It has been more than a year since Chris Grayling gave his “public backing” to Crossrail 2.
Hailed by many at the time as a “green light”, the truth is that Crossrail 2 has been stuck on amber ever since.
As part of the announcement, Mr Grayling stated London would have to fund 50 per cent of the project during construction.
Raising £15bn in just over a decade is no mean feat.
Today London business group London First published its Paying for Crossrail 2 report.
Dubbed as a plan to show how the capital could cover its funding requirement for the £30bn project, it largely served to reaffirm just how difficult funding Crossrail 2 will be.
There were nine suggestions for new funding and financing mechanisms that could help London cover its cash requirements to build the line.
Some of these, such as increases in rail fares or council tax contributions, are likely to be unpopular.

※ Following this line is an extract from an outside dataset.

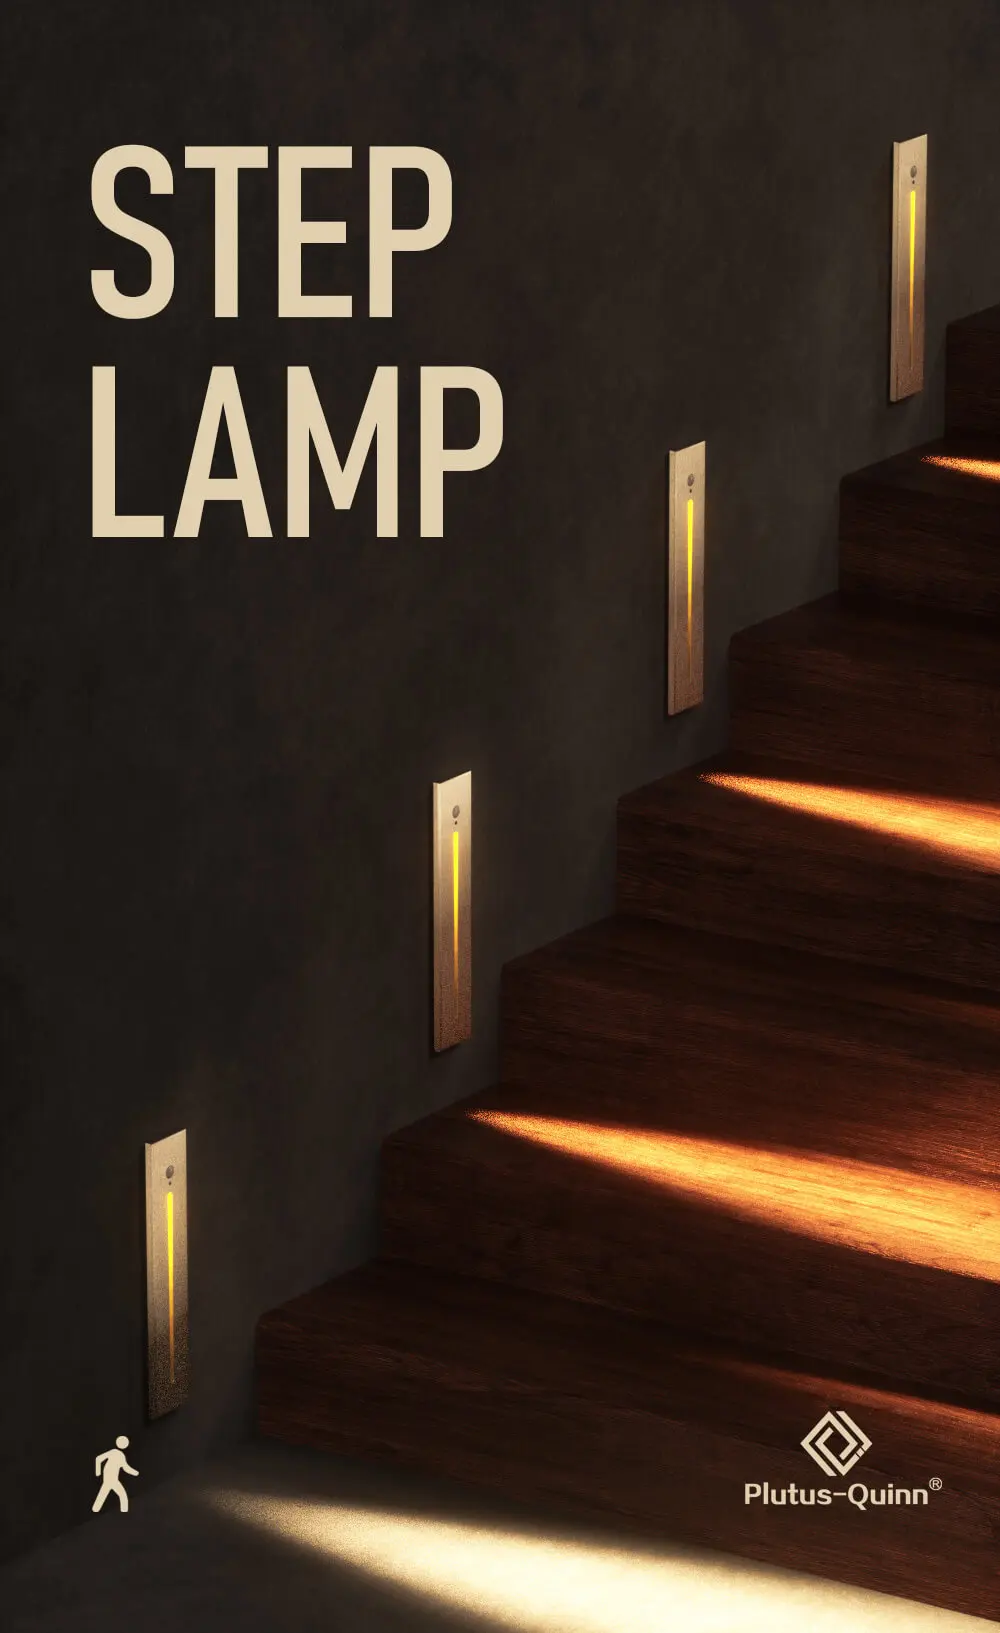 plug in wall lamp LED Sconce Indoor Motion Sensor Wall Lamp Outdoor Waterproof Step Lights Aluminum Vertical Stair Lamp Decor for Home Stairways gold wall lights

In a city that elected its current mayor on a pledge to freeze fares for three years, a hike in prices as soon as that freeze ends will likely irk the capital’s commuters.
At the same time, persuading local authorities with already constrained budgets for much needed council tax contributions will also be a tough sell.
Even if these proposals are accepted, London First’s other money-raising suggestions are largely untested.
Capturing the uplifts in property and land prices that result from new transport schemes is something that needs exploring, and will no doubt be a crucial way of funding projects in the future.
However, in terms of land value capture for the Crossrail 2 project, the jury is still out on the best way to achieve this is, with Transport for London currently looking at a number of methods.
When the best option is selected, it will then need to be written into legislation – something that is bound to take years.
Another way of capturing the value uplifts of Crossrail 2 would be through the government ringfencing the resulting increases in stamp duty and business rate payments.
But getting the government – which has already been explicit on the limits for its funding package – to hand over this increased Treasury income will take some persuading.
The UK infrastructure market has historically been one that relies on government funding.
Looking at alternative ways to secure funding for major schemes through means is not something that comes naturally; doing it for a project the scale of Crossrail 2 is unprecedented.
Exploring alternative ways of funding major schemes has rarely met with success in recent years.
The £30bn project represents an opportunity to hone new innovative funding methods, which could be crucial to funding future schemes of similar scale.
However, significant deliberation and development is still needed over precisely what those methods should be.
With a hybrid bill expected to be tabled in 2021, the looming complexity of Crossrail 2’s funding puts that date under increasing pressure.